Геракл выделялся среди всех людей необыкновенным ростом и силой. С первого взгляда можно было сказать о нем, что он сын самого Зевса. Ростом он был в четыре локтя[5], глаза сверкали огнем. Но это рост, который достигает 1 м 84 см, делает понятным восхищенные отзывы византийских греков о славянах примерно такого же роста: «высокие как пальмы», – и ужас римских солдат, набираемых из средиземноморского и балканского регионов, которые, впервые увидев высокорослых германских варваров, плакали ночью перед сражением.

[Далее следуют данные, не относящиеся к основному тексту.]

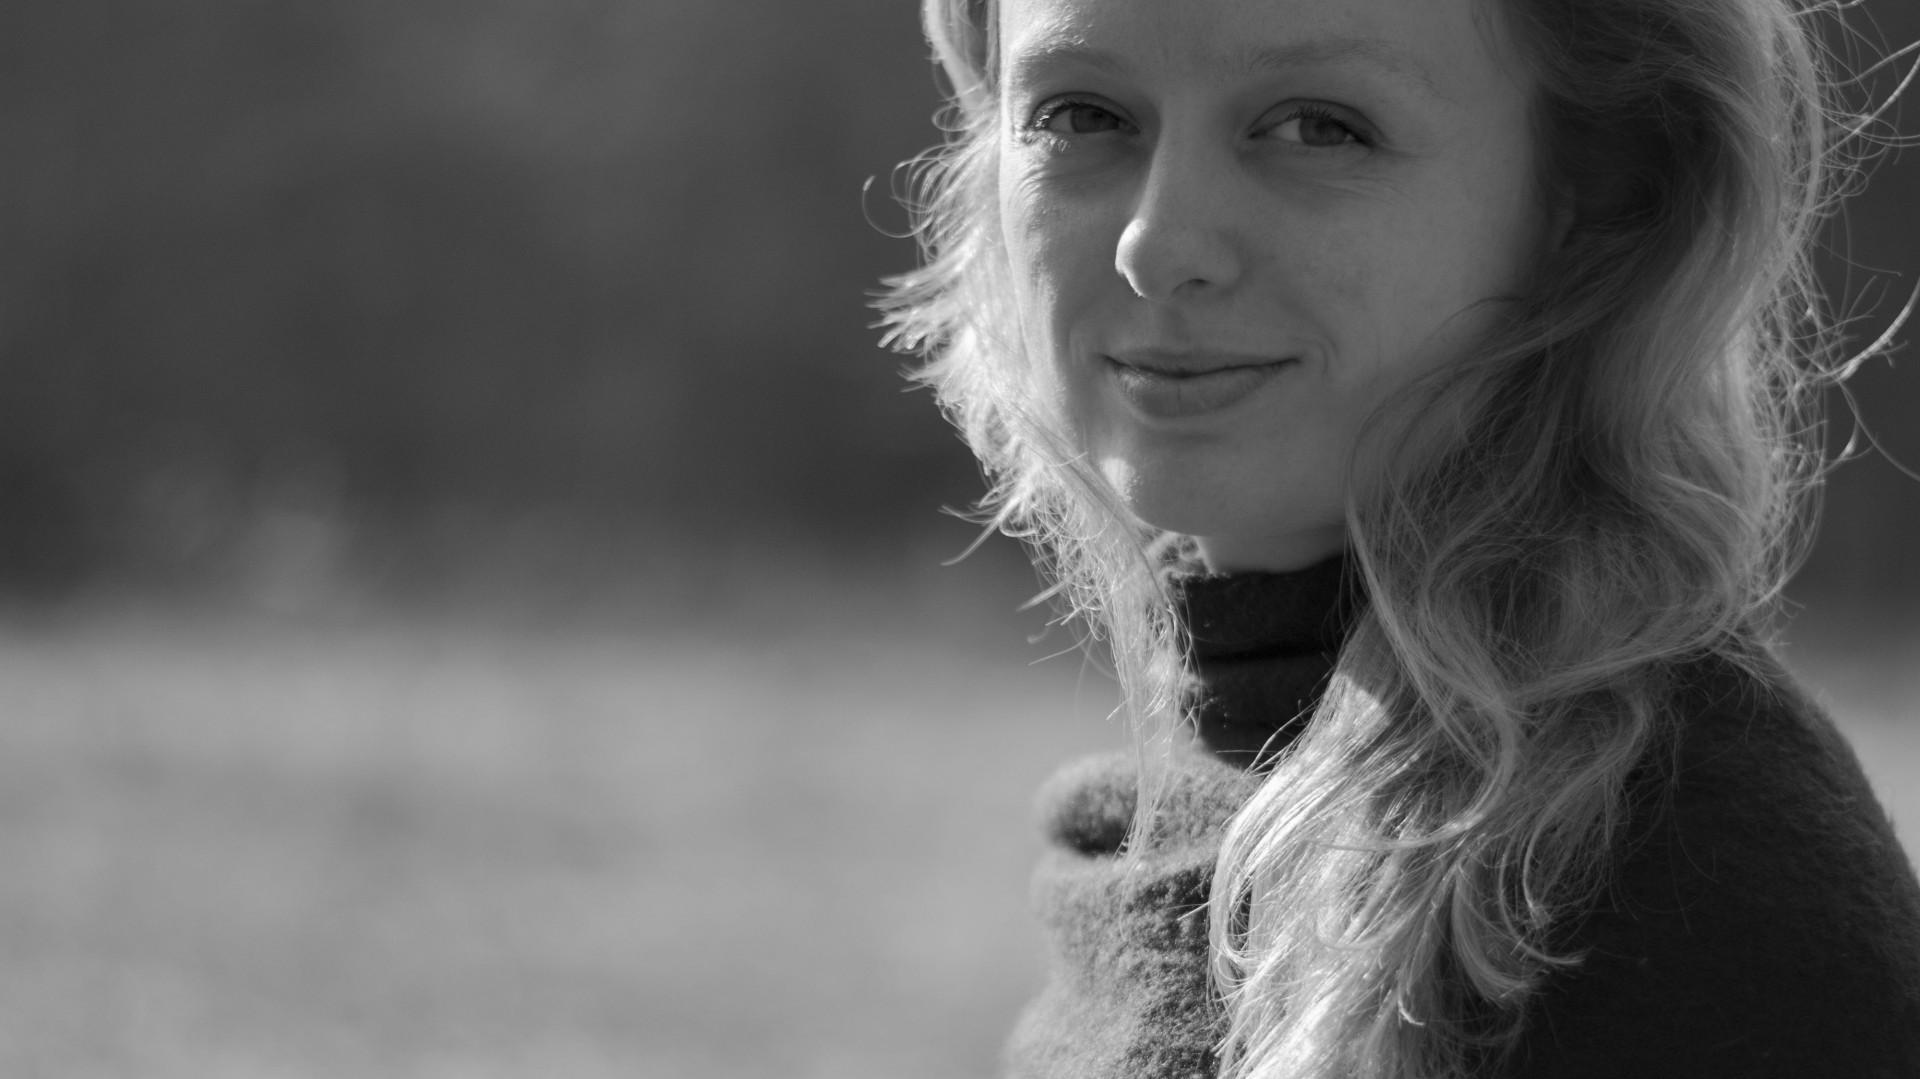 """Izabela Bołoz - projektantka, kuratorka, promotorka polskiego designu, autorkę licznych prac z pogranicza architektury, sztuki i wzornictwa. Wzięła udział w panelu inauguracyjnym pod hasłem """"Elitarny czy masowy? Jaki jest design"""" podczas IV edycji Forum Dobrego Designu 7 grudnia 2016 r."""

(2) Во времена Геракла, как свидетельствуют об этом современники, все в своих действиях следовали за своими начальниками, и государство покоилось на равновесии между небом и землей, на согласии мрачного и светлого. В связи с этим и музыка возникала как осмысление мира, она была радостная, громкие звуки не считались прекрасными (Гессе Г. Игра в бисер). Лучшие люди должны были знать музыку и уметь ее исполнять. Геракл учился пению и игре на кифаре у Линя, брата Орфея. Но Геракл убил его ударом кифары за то, что Линь побил его. Казалось бы, в этом случае был нарушен существующий порядок, когда все в своих действиях следовали за своими начальниками, жизни был причинен вред, и должна была появиться бурная, волшебная «музыка гибели», а вслед за ней народный ропот. Но когда Геракла привлекли к суду по обвинению в убийстве, он прочел перед судом закон Радаманта, сына Зевса, самого справедливого из людей, давших людям законы, о том, что, кто ответит ударом на несправедливый удар, не подлежит наказанию, и был, таким образом, освобожден от наказания. Мало того, тогда чувствовали, как говорит один современник, доверие к себе самому, к собственной силе и собственному достоинству, ценилась личность и ее отклонения от нормы, уникальность, часто даже патология (Гессе Г. Игра в бисер). И это ценилось: Гомер «свершителю подвигов чудных» дал эпитет «зверский Геракл» (Od. XXI, 22 слл.).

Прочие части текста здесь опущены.